So, you have weighed all the pros and cons and decided that a dog is the right pet for you and your household. Congratulations! Now for the hard part, finding the perfect dog match for you. There are so many choices out there and it can be hard to decide what breed or type would be best.
To start off with, let’s look at your life. You need to think about things like where you live, what you like to do, how much you are home, and whether you can devote time to grooming and training.
Are you active and outdoorsy?
If you love the great outdoors and want to share it with your dog, consider some of the sporting, working or herding breeds like the retrievers, spaniels, shepherds, collies or northern breeds. Terriers, like the energetic Jack Russell, can also fit the bill.
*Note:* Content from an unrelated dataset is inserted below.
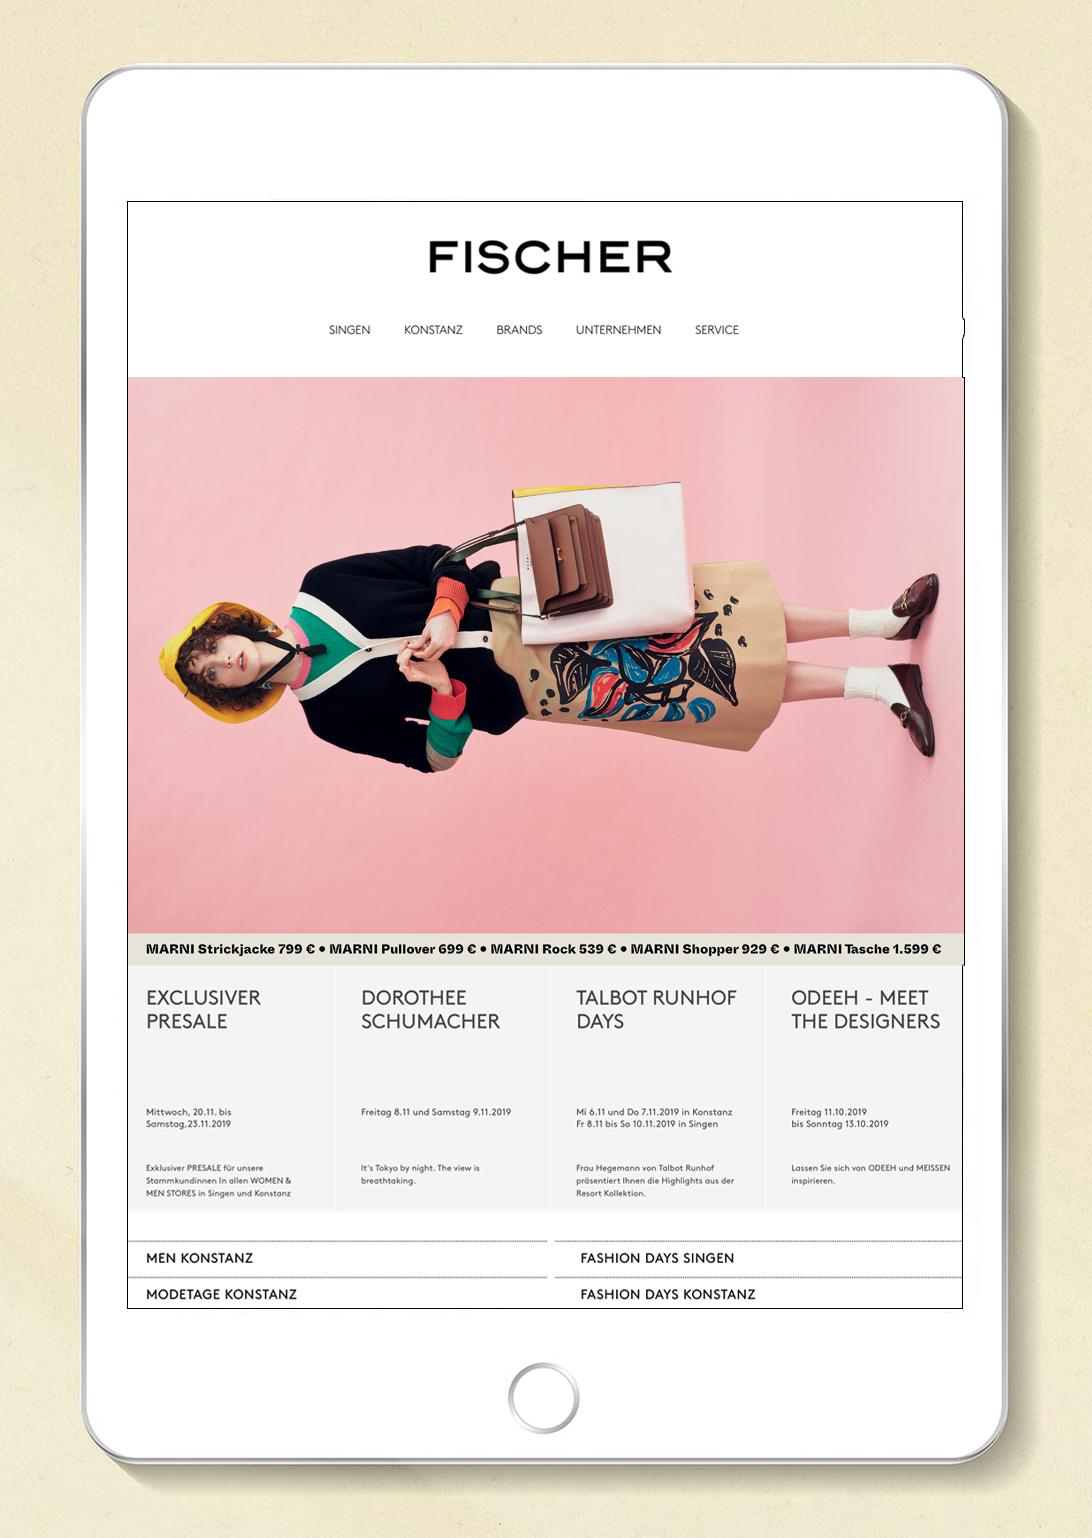 fischer_1

You should understand that each of these types of dogs offer something different in the way they bond with you. For instance, while Golden Retrievers have been called ‘velcro dogs’ because they always want to be near you, some of the herding breeds enjoy a little more independence and are happiest when they have a ‘job’.
Dogs bred to hunt and run will enjoy doing just that, but careful training is required for some of the hounds, terriers and running dogs like Siberian Huskies. So, before you let them run off leash, make sure you have trained a reliable recall. To start, you might be better off jogging with some of these breeds on a leash.
As far as a home life goes, consider how much space you have to share with a dog. How much outside space do you have? How much time do you have to devote to your canine pal? Let that be your guide to finding the perfect companion.
Are you happy with taking a walk once or twice a day?
If you would consider yourself to be a moderately active person, but are not constantly outdoors, the following breeds could be a good match for you.
Interestingly, some of the giant breeds might be a good fit, like the Great Pyrenees or Leonberger. Other large breeds like Great Danes or Greyhounds who might seem like they need a ton of space, can get along quite nicely in a condo or apartment with a couple of leash walks a day.
Some of the calmer terrier breeds like the Airedale, Scottish terriers or Sealyham or Cesky terriers would also match a more relaxed lifestyle. Miniature poodles are also popular choices, as are Beagles, Schnauzers, Shetland Sheepdogs and Dachshunds.
Are you older or less active?
Maybe you are older or less active and just don’t have the energy or ability to expend walking and exercising a dog multiple times a day? In this case, many of the smaller breeds like French Bulldogs, Pomeranians, Papillons, Chihuahuas, and Boston Terriers do just fine in a mostly indoor setting. Some dogs like the Pekinese really prefer to be a couch ornament. Also, Cavalier King Charles Spaniels are sparky little dogs who make excellent family pets and do well in smaller environments, but can still enjoy a run at the park or a long walk.
If you are set on a breed or type of dog that maybe just doesn’t suit your quieter lifestyle, consider adopting or rescuing a senior citizen of that breed. Senior dogs still require exercise but less so, and you will be giving them a loving forever home.
Research and don’t rush
Don’t forget, the internet is full of sites that will help you choose the right dog for you. Most of them will choose purebreds, but never forget that there are thousands of dogs in shelters and rescues that are just waiting for their forever homes! Many of them are purebred, but most often they are mixed breeds. It’s good to remember that a mixed breed dog will give some hint of his heritage just by his appearance and behaviours, so you will have some idea what to expect when you bring him home.
Most importantly, take your time when you are looking for your perfect match. There is no reason to hurry and the chances are better for a successful match if you don’t rush things. The perfect dog is out there for you somewhere!